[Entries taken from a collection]
• • • • • • •
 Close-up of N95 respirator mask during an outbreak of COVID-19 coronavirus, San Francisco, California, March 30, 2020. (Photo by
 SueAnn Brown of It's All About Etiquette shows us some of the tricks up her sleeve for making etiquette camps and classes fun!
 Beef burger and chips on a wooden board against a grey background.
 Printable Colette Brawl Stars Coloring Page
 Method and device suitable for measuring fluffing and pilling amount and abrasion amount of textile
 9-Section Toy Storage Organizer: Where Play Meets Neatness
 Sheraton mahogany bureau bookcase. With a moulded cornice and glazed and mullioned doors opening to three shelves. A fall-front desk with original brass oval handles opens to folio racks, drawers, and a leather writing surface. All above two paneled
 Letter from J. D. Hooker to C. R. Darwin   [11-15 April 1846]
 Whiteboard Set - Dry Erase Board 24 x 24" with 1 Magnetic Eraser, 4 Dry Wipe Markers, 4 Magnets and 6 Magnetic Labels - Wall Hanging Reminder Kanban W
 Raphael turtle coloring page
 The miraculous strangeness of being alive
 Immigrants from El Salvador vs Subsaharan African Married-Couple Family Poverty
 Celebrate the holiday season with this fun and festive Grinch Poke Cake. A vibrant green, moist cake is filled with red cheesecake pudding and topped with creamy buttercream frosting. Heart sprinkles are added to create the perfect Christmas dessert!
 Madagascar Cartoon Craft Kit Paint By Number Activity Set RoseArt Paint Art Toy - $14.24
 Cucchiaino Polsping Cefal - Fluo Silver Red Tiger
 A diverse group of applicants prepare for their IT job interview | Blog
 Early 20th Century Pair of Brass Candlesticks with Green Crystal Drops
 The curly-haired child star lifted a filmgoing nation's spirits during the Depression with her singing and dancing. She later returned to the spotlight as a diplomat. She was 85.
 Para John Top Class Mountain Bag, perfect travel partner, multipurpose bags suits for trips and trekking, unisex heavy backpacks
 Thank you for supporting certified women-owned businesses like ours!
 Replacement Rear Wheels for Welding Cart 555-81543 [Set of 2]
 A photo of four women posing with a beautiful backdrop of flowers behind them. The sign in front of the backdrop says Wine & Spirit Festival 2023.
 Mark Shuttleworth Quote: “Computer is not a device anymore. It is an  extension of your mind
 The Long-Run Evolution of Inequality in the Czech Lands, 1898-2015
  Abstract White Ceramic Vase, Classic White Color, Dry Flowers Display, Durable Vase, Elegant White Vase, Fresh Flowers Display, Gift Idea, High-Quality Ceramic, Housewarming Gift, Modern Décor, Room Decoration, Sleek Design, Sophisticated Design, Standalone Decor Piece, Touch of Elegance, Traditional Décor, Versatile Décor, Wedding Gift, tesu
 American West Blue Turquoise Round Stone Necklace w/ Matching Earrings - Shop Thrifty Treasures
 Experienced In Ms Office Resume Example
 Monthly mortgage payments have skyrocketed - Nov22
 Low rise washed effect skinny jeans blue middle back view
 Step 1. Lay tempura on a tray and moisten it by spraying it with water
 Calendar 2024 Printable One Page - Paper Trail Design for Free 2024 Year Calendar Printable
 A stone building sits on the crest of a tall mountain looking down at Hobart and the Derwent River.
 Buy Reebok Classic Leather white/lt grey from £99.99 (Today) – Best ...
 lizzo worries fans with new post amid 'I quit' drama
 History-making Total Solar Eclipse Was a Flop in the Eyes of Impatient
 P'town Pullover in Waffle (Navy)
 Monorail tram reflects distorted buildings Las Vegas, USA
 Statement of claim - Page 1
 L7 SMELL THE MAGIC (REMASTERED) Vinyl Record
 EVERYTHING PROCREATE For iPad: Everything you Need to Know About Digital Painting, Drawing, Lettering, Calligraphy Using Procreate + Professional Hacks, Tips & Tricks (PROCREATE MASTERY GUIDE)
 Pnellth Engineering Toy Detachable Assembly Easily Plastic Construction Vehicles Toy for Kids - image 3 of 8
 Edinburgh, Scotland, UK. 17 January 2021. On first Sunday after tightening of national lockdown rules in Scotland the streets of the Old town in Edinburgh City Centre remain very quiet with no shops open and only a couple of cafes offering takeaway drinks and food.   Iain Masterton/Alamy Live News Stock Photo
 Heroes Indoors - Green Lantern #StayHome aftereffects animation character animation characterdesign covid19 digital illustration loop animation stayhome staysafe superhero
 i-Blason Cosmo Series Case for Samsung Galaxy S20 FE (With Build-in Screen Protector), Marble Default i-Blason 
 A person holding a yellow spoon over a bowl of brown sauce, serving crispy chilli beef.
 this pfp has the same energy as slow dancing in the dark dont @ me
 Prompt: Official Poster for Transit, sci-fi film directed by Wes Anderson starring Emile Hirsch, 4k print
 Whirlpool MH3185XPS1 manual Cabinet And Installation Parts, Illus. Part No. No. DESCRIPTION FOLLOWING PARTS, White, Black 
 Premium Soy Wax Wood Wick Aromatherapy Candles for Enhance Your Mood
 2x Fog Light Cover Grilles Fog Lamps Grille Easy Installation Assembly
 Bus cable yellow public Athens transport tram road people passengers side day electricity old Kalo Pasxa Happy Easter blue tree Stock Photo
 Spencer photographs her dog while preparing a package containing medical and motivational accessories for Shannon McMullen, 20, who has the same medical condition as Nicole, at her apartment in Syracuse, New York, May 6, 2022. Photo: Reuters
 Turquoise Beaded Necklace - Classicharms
• • • • • • •
*EXERCISE:* Restate the records word for word, keeping every line.

*EXERCISE SOLUTION:*
 Close-up of N95 respirator mask during an outbreak of COVID-19 coronavirus, San Francisco, California, March 30, 2020. (Photo by
 SueAnn Brown of It's All About Etiquette shows us some of the tricks up her sleeve for making etiquette camps and classes fun!
 Beef burger and chips on a wooden board against a grey background.
 Printable Colette Brawl Stars Coloring Page
 Method and device suitable for measuring fluffing and pilling amount and abrasion amount of textile
 9-Section Toy Storage Organizer: Where Play Meets Neatness
 Sheraton mahogany bureau bookcase. With a moulded cornice and glazed and mullioned doors opening to three shelves. A fall-front desk with original brass oval handles opens to folio racks, drawers, and a leather writing surface. All above two paneled
 Letter from J. D. Hooker to C. R. Darwin   [11-15 April 1846]
 Whiteboard Set - Dry Erase Board 24 x 24" with 1 Magnetic Eraser, 4 Dry Wipe Markers, 4 Magnets and 6 Magnetic Labels - Wall Hanging Reminder Kanban W
 Raphael turtle coloring page
 The miraculous strangeness of being alive
 Immigrants from El Salvador vs Subsaharan African Married-Couple Family Poverty
 Celebrate the holiday season with this fun and festive Grinch Poke Cake. A vibrant green, moist cake is filled with red cheesecake pudding and topped with creamy buttercream frosting. Heart sprinkles are added to create the perfect Christmas dessert!
 Madagascar Cartoon Craft Kit Paint By Number Activity Set RoseArt Paint Art Toy - $14.24
 Cucchiaino Polsping Cefal - Fluo Silver Red Tiger
 A diverse group of applicants prepare for their IT job interview | Blog
 Early 20th Century Pair of Brass Candlesticks with Green Crystal Drops
 The curly-haired child star lifted a filmgoing nation's spirits during the Depression with her singing and dancing. She later returned to the spotlight as a diplomat. She was 85.
 Para John Top Class Mountain Bag, perfect travel partner, multipurpose bags suits for trips and trekking, unisex heavy backpacks
 Thank you for supporting certified women-owned businesses like ours!
 Replacement Rear Wheels for Welding Cart 555-81543 [Set of 2]
 A photo of four women posing with a beautiful backdrop of flowers behind them. The sign in front of the backdrop says Wine & Spirit Festival 2023.
 Mark Shuttleworth Quote: “Computer is not a device anymore. It is an  extension of your mind
 The Long-Run Evolution of Inequality in the Czech Lands, 1898-2015
  Abstract White Ceramic Vase, Classic White Color, Dry Flowers Display, Durable Vase, Elegant White Vase, Fresh Flowers Display, Gift Idea, High-Quality Ceramic, Housewarming Gift, Modern Décor, Room Decoration, Sleek Design, Sophisticated Design, Standalone Decor Piece, Touch of Elegance, Traditional Décor, Versatile Décor, Wedding Gift, tesu
 American West Blue Turquoise Round Stone Necklace w/ Matching Earrings - Shop Thrifty Treasures
 Experienced In Ms Office Resume Example
 Monthly mortgage payments have skyrocketed - Nov22
 Low rise washed effect skinny jeans blue middle back view
 Step 1. Lay tempura on a tray and moisten it by spraying it with water
 Calendar 2024 Printable One Page - Paper Trail Design for Free 2024 Year Calendar Printable
 A stone building sits on the crest of a tall mountain looking down at Hobart and the Derwent River.
 Buy Reebok Classic Leather white/lt grey from £99.99 (Today) – Best ...
 lizzo worries fans with new post amid 'I quit' drama
 History-making Total Solar Eclipse Was a Flop in the Eyes of Impatient
 P'town Pullover in Waffle (Navy)
 Monorail tram reflects distorted buildings Las Vegas, USA
 Statement of claim - Page 1
 L7 SMELL THE MAGIC (REMASTERED) Vinyl Record
 EVERYTHING PROCREATE For iPad: Everything you Need to Know About Digital Painting, Drawing, Lettering, Calligraphy Using Procreate + Professional Hacks, Tips & Tricks (PROCREATE MASTERY GUIDE)
 Pnellth Engineering Toy Detachable Assembly Easily Plastic Construction Vehicles Toy for Kids - image 3 of 8
 Edinburgh, Scotland, UK. 17 January 2021. On first Sunday after tightening of national lockdown rules in Scotland the streets of the Old town in Edinburgh City Centre remain very quiet with no shops open and only a couple of cafes offering takeaway drinks and food.   Iain Masterton/Alamy Live News Stock Photo
 Heroes Indoors - Green Lantern #StayHome aftereffects animation character animation characterdesign covid19 digital illustration loop animation stayhome staysafe superhero
 i-Blason Cosmo Series Case for Samsung Galaxy S20 FE (With Build-in Screen Protector), Marble Default i-Blason 
 A person holding a yellow spoon over a bowl of brown sauce, serving crispy chilli beef.
 this pfp has the same energy as slow dancing in the dark dont @ me
 Prompt: Official Poster for Transit, sci-fi film directed by Wes Anderson starring Emile Hirsch, 4k print
 Whirlpool MH3185XPS1 manual Cabinet And Installation Parts, Illus. Part No. No. DESCRIPTION FOLLOWING PARTS, White, Black 
 Premium Soy Wax Wood Wick Aromatherapy Candles for Enhance Your Mood
 2x Fog Light Cover Grilles Fog Lamps Grille Easy Installation Assembly
 Bus cable yellow public Athens transport tram road people passengers side day electricity old Kalo Pasxa Happy Easter blue tree Stock Photo
 Spencer photographs her dog while preparing a package containing medical and motivational accessories for Shannon McMullen, 20, who has the same medical condition as Nicole, at her apartment in Syracuse, New York, May 6, 2022. Photo: Reuters
 Turquoise Beaded Necklace - Classicharms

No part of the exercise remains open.